I opened it, praying I might find a weapon, and a familiar stench of chemicals punched up at me. All I could make out was blankets, towels, food, yet as I rummaged I found, buried beneath all the rest of the supplies, jugs of the chemicals that had brought down entire warehouses in the Royal Quarter when they had combusted.

Humbug had promised death by the dozens. How many men and women had now been herded into the cradle of the abbey ruins?

“Tsk, tsk,” came a bit of nastiness carried on the whipping breeze. I heard the blade whoosh down instants before I felt Adelaide yank me back and out of the way. We turned and ran deeper into the ruins before Nellie could try again. Her cloak made her melt into the night, but I had to remind myself that she was as mortal as Adelaide and me. The idea that she was an unstoppable spirit,
that
was the true humbug.

We ran along a narrow pathway, cold stone at either side of us. My boot kicked bits of debris, we stumbled along at sudden sharp turns, the moon rose overhead then blinked away. Patches of ice cracked under our feet, we rose up a flight of half-steps and leaped into the unknown, miraculously gaining footing while scrambling ahead, through an archway.

I stole a glance beside me. Adelaide was no longer at my side. I turned back, hesitating for only an instant, which proved long enough to summon death's avatar.

Nellie surged from the blackness, blade held high, a chilling banshee shriek torn from her lungs. I stepped back, stumbled on a ragged stone, fell, and she threw herself on me, straddling me as the blade sliced down with chilling finality—

CRACK!

Her head jolted to one side, Nellie dropped on me, the blade scraping the rock to the left of my ear. She was surprisingly light, but far from frail, my hands finding the great masses of muscle she'd developed in her years of study as a dancer as I shoved her from me. Adelaide stood over us with a heavy stone tinged with red and bits of blonde hair. A crimson wound marked Nellie's skull where Adelaide had struck, apparently after she had flattened by the archway to wait in ambush as I served as bait.

I couldn't tell if Nellie was yet breathing or not, and cared even less. I managed to get to my feet and held the quaking Adelaide, who had carefully set down the chunk of rock.

As I held her, so many of the answers I'd been seeking came clear in my thoughts. George Sunderland, on the bridge, and his sudden burst of madness as he demanded I tell him what secrets of his Fezziwig had revealed. My sudden uptick in fortune at the Dyer affair when Lazytree secured all the investors I could possibly need for the rail deal, and their crashing reversal just this morning. All meant to control and distract me, to bring me bit by bit under Sunderland's—Smithson's—sway.

“Ebenezer, we should go,” Adelaide said softly. “There's little we can do for anyone here if we tarry any longer.”

She was right. Nellie—Humbug—might have been subdued, but Lazytree would still have his men searching for us.

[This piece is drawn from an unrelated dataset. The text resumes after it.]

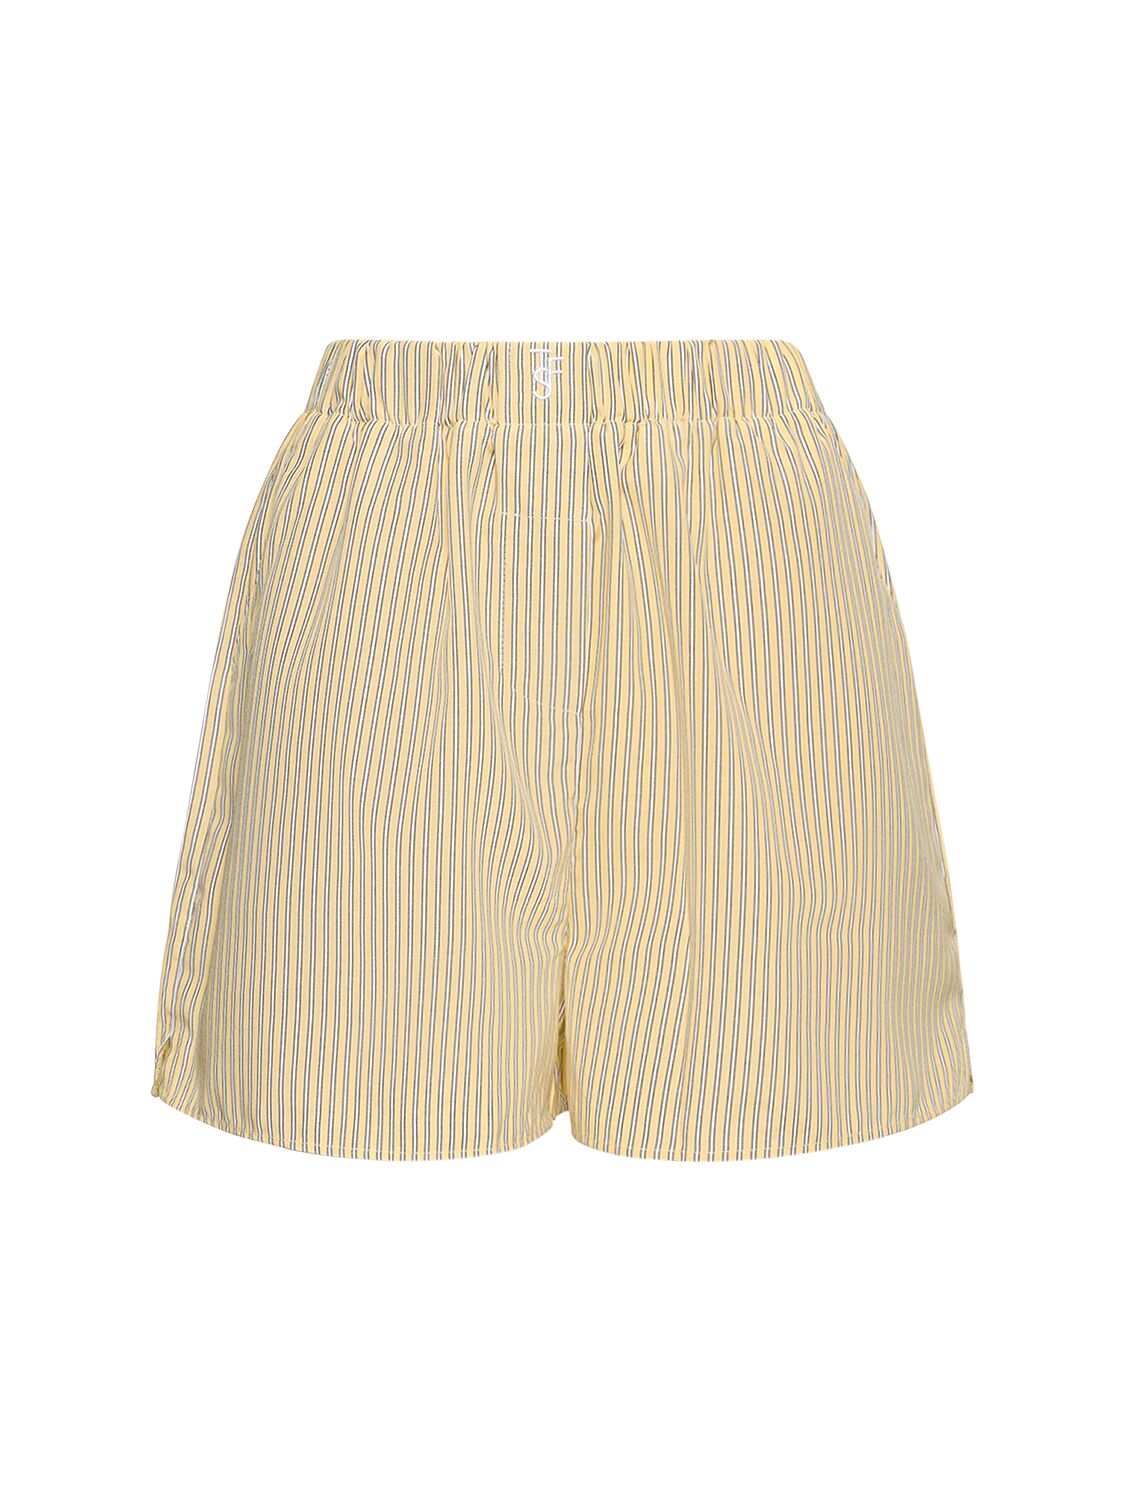 Image of Lui Cotton Blend Oxford Shorts

“We need to find something to bind her with,” I said, nodding down at the madwoman.

But Nellie was gone.

We raced about through the ruins, even climbed once more to the high stone keep and looked out onto the crowd. Back where we'd seen the trunks filled with the strange flammable chemicals, someone drifted about hauling a lantern.

“She's going to kill them all,” I whispered.

“What?” Adelaide asked.

Taking her hand, I raced for the great stone steps. “I'll explain on the way!”

“Bankers,” a man groused as he untied his boots. “You know what they say. Give them an inch!”

Beside him, the jokester from the party laughed. “Really, Henry? From what I've been told, an inch is all you
have
to give!”

We crouched low outside the abbey walls, looking for Nellie. Seven of the trunks now lay open, the chemical jars discarded, their contents soaked in the foul-smelling rot.

“Those women,” Adelaide whispered. I could see from her expression that, like me, she wouldn't have cared if these walls caved in and flattened every one of the wretched bastards who'd organized this night or who had paid for a place in the “festivities.” But the women did not deserve to share that fate.

“We have to stop her,” I said, looking for anything I might use as a weapon. When I looked up again, Adelaide was gone.

I crept to the edge of the nearest towering abbey wall and peered through a narrow, ragged opening. I couldn't fit through it, but Adelaide already had. Taking advantage of her footman disguise, she made her way through the sweaty, stinking orgy of debauchery, a key she had evidently lifted from one of the guards in her hand. She unlocked a woman's shackles while pretending to be about some other business. Yet the doe-like, uncomprehending looks of the thin, exotic women brought here to act as slaves gave me little hope that even if the sky split above them and an angel thundered down from heaven to order them to run, that even half of them would make it to their feet before judgment rained down on them.

“You!”

Nellie's voice tore a chilling gash through my nerves. I saw a whip sitting on a boulder just inside the ragged gap and reached in even as Nellie charged me. My fingers were not quite reaching the whip, tapping it away—

Then I had it, yanked it out, and cracked it once while Nellie was still a dozen paces away, knife at hand. It bit into the icy range between us, and she darted to one side, stopped short. Blood-matted hair blew before her face and she twitched it away, panting, snarling, her gaze darting all about.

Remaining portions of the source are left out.